Space is the boundless three-dimensional extent in which objects and events have
relative position and direction.[1]Physical space is often conceived in
three lineardimensions, although modern physicists usually consider it, with time, to be
part of a boundless four-dimensional continuum known as spacetime. The concept of
space is considered to be of fundamental importance to an understanding of the
physical universe. However, disagreement continues between philosophers over
whether it is itself an entity, a relationship between entities, or part of a conceptual
framework.
Debates concerning the nature, essence and the mode of existence of space date back
to antiquity; namely, to treatises like the Timaeus of Plato, or Socrates in his reflections
on what the Greeks called khôra (i.e. "space"), or in the Physics of Aristotle (Book IV,
Delta) in the definition of topos (i.e. place), or in the later "geometrical conception of
place" as "space qua extension" in the Discourse on Place (Qawl fi al-Makan) of the
11th-century Arab polymath Alhazen.[2] Many of these classical philosophical questions
were discussed in the Renaissance and then reformulated in the 17th century,
particularly during the early development of classical mechanics. In Isaac Newton's
view, space was absolute—in the sense that it existed permanently and independently
of whether there was any matter in the space.[3] Other natural philosophers,
notably Gottfried Leibniz, thought instead that space was in fact a collection of relations
between objects, given by their distance and direction from one another. In the 18th
century, the philosopher and theologian George Berkeley attempted to refute the
"visibility of spatial depth" in his Essay Towards a New Theory of Vision. Later,
the metaphysician Immanuel Kant said that the concepts of space and time are not
empirical ones derived from experiences of the outside world—they are elements of an
already given systematic framework that humans possess and use to structure all
experiences. Kant referred to the experience of "space" in his Critique of Pure
Reason as being a subjective "pure a priori form of intuition".

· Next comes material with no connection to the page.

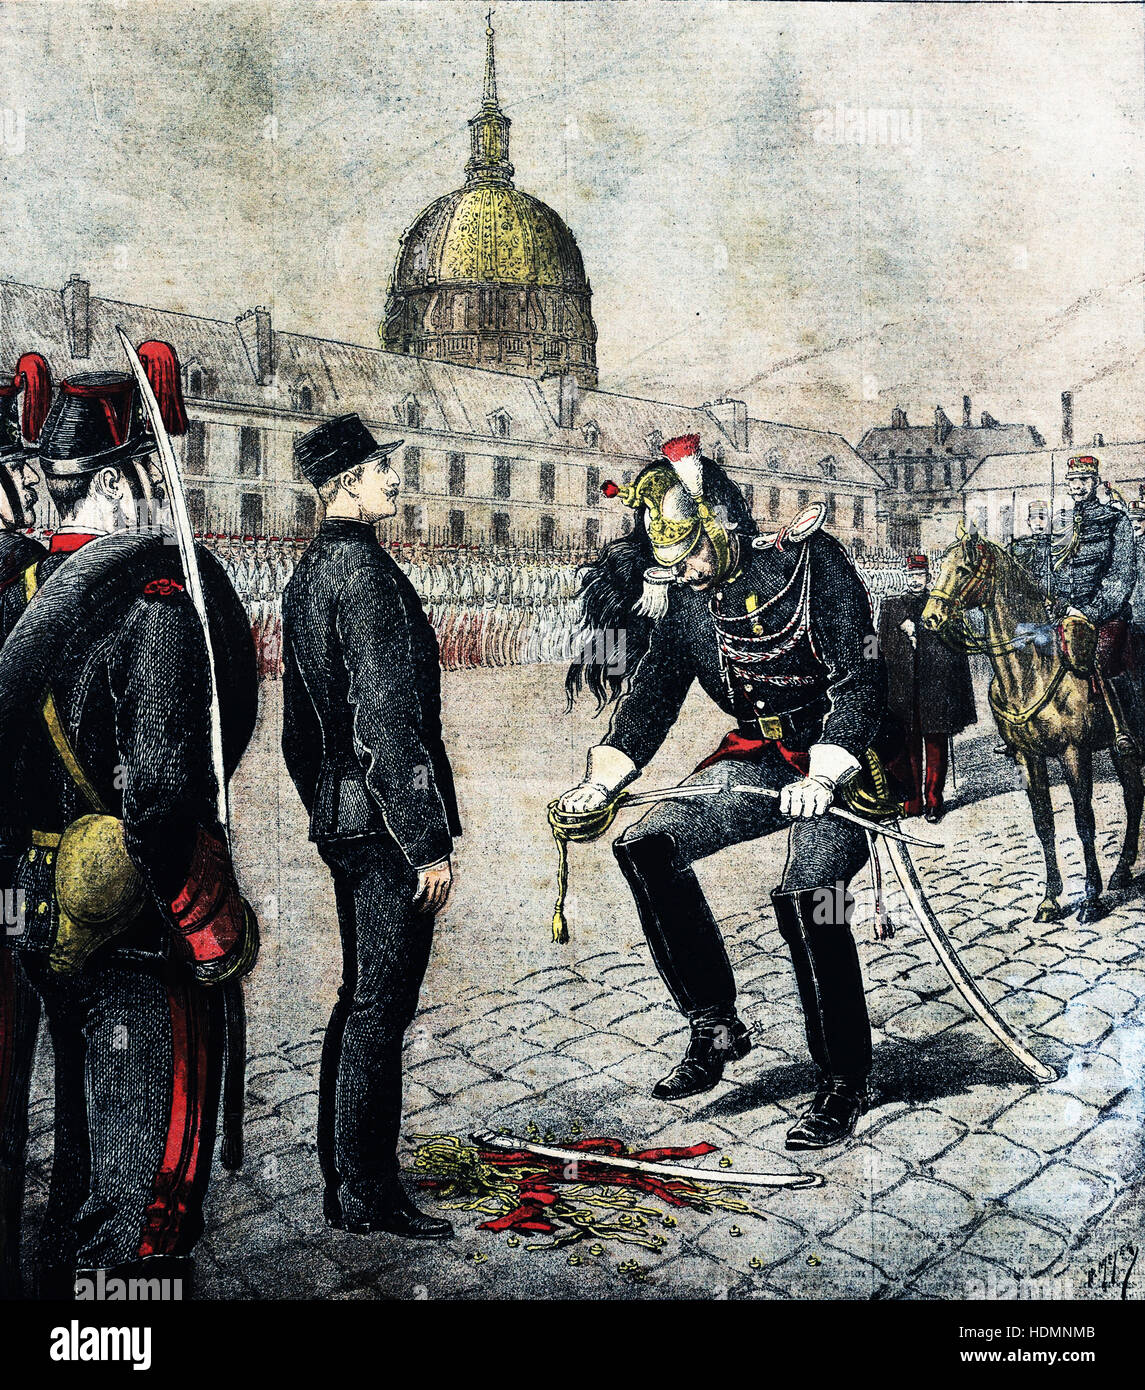 THE TRAITOR. DEGRADATION OF ALFRED DREYFUS. ILLUSTRATED SUPPLEMENT OF 'Le Petit Journal ' SUNDAY, JANUARY 13, 1895 Stock Photo

In the 19th and 20th centuries mathematicians began to examine geometries that
are non-Euclidean, in which space is conceived as curved, rather than flat. According
to Albert Einstein's theory of general relativity, space around gravitational fields deviates
from Euclidean space.[4] Experimental tests of general relativity have confirmed that
non-Euclidean geometries provide a better model for the shape of space.